COS 320: Compiling Techniques, Spring 2019

X86lite documentation

Author: Steve Zdancevic

Overview

X86lite is an abstract, 64-bit signed integer-only subset of the Intel X86-64 machine architecture. The X86lite instruction set is tiny by comparison to full X86, yet it still provides a sufficient compilation target for the COS320 course compiler projects.

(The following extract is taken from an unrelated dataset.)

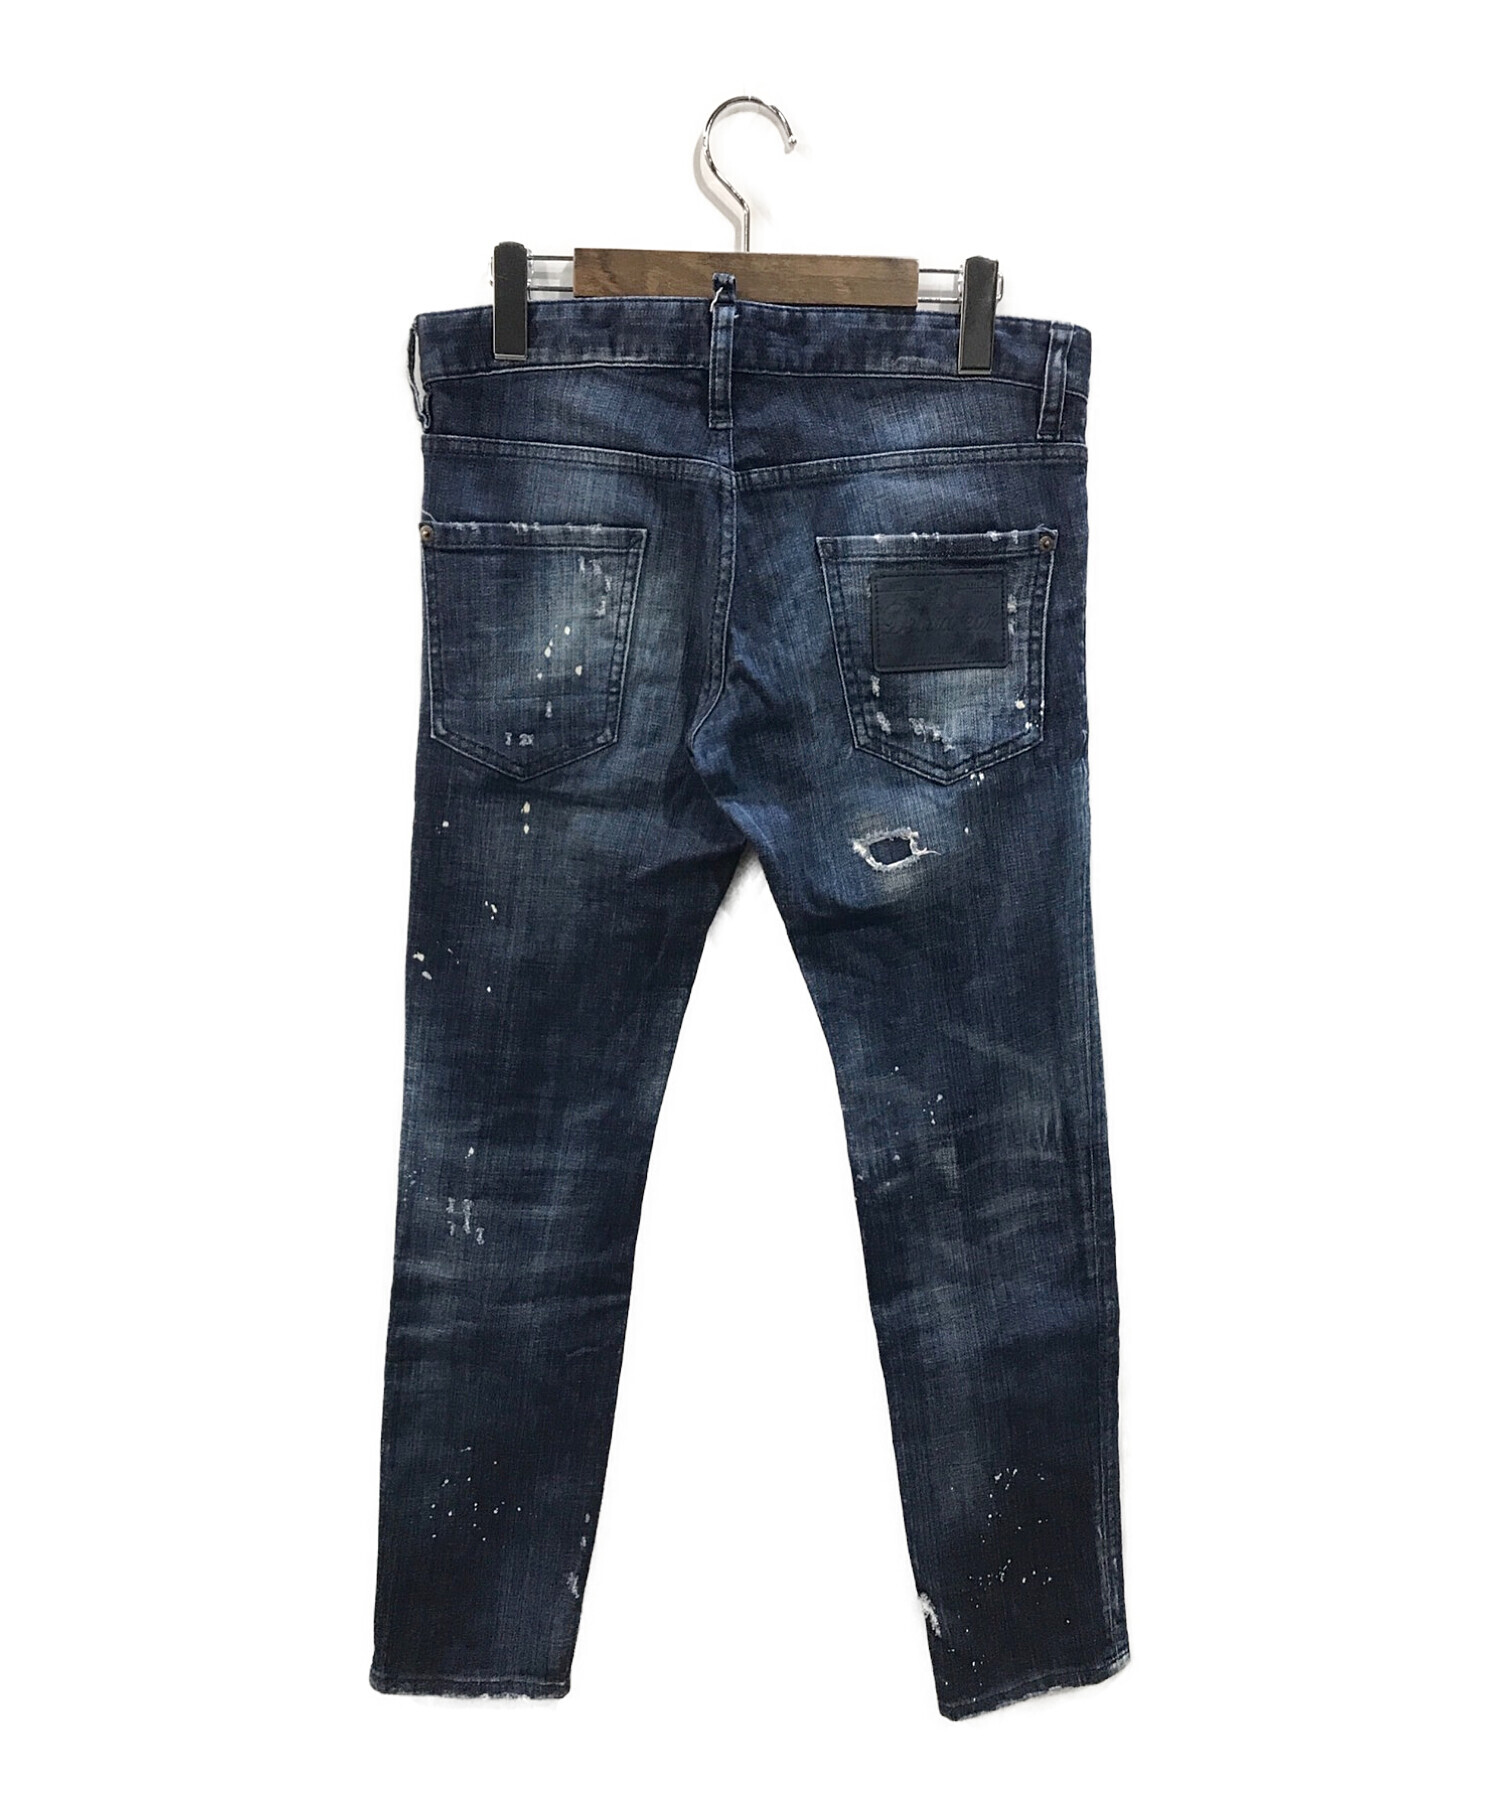 DSQUARED clement jean ジーンズ size44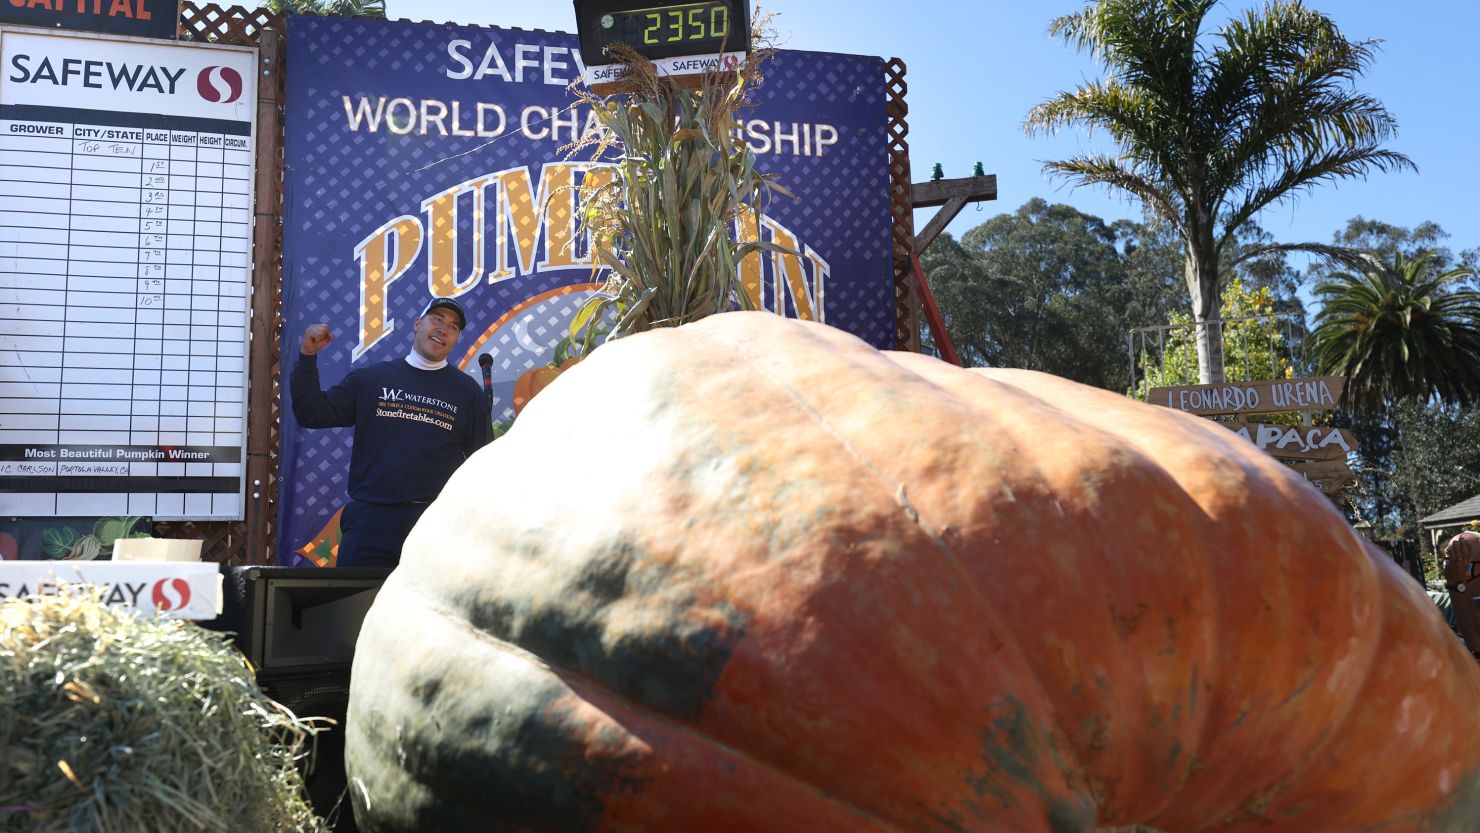 Travis Gienger pumps his fist as he stands next to his pumpkin during the competition in California.

This document explains the X86lite machine model and its instruction set, and is intended for use as a reference manual. Information about the full X86 architecture can be found on the Intel web pages. The COS320 course infrastructure provides OCaml interfaces for manipulating X86lite assembly programs and tools for creating X86-64 executables using the system assembler and linker.

X86lite Machine State

The X86lite machine state consists of sixteen general-purpose 64-bit registers, an instruction pointer register that can only be manipulated indirectly by control flow instructions, three condition flags, and a memory consisting of 2^64 bytes. Instructions are represented as 8-byte words using an unspecified fixed-length encoding.

Register file

The 16 64-bit registers in X86lite and their common uses in the full X86 architecture are given below. In X86lite, most of the registers can be used for general purpose calculation, but some X86lite instructions make special use of some of the registers; see the instruction descriptions below.

Register
Description / common use on X86
rax General purpose accumulator
rbx Base register, pointer to data
rcx Counter register for strings and loops
rdx Data register for I/O
rsi Pointer register, string source register
rdi Pointer register, string destination register
rbp Base pointer, points to the stack frame
rsp Stack pointer, points to the value at the top of the stack
r08 - r15 General purpose

Condition flags

The X86 architecture provides conditional branch and conditional move instructions. The processor maintains a set of bit-sized flags to keep track of conditions arising from arithmetic and comparison operations. These condition flags are tested by the conditional jump and move instructions; the flags are set by the arithmetic instructions. X86lite provides only three condition flags (the full X86 architecture has several more).

Condition Flag
Description
OF Overflow: set when the result is too big or too small to fit in a 64-bit value and cleared otherwise. This is overflow/underflow for signed (two's complement) 64-bit arithmetic.
SF Sign: equal to the most significant bit of the result (0=positive, 1=negative)
ZF Zero: set if the result is 0 and cleared otherwise

Memory, addresses, and the stack

The X86lite memory consists of 2^64 bytes numbered 0x0000000000000000 through 0xffffffffffffffff. All of the X86lite instructions operate on 8-byte quadwords, but memory is byte-addressable. That is, unaligned memory accesses are legal.

The only general-purpose register that is treated specially by the X86lite ISA is rsp, which contains the address of the top of the stack of the executing program. By convention on X86 machines, the program stack starts at the high addresses of virtual memory and grows toward the low addresses. Instructions like pushq, popq, Callq, and retq, increment and decrement rsp as needed to maintain this invariant.

X86lite Operands and Condition Codes

This section describes the X86lite instruction set.

Operands

X86lite instructions manipulate data stored in memory or in registers. The values operated on by a given instruction are described by operands, which are constant values like integers and statically known memory addresses, or dynamic values such as the contents of a register or a computed memory address.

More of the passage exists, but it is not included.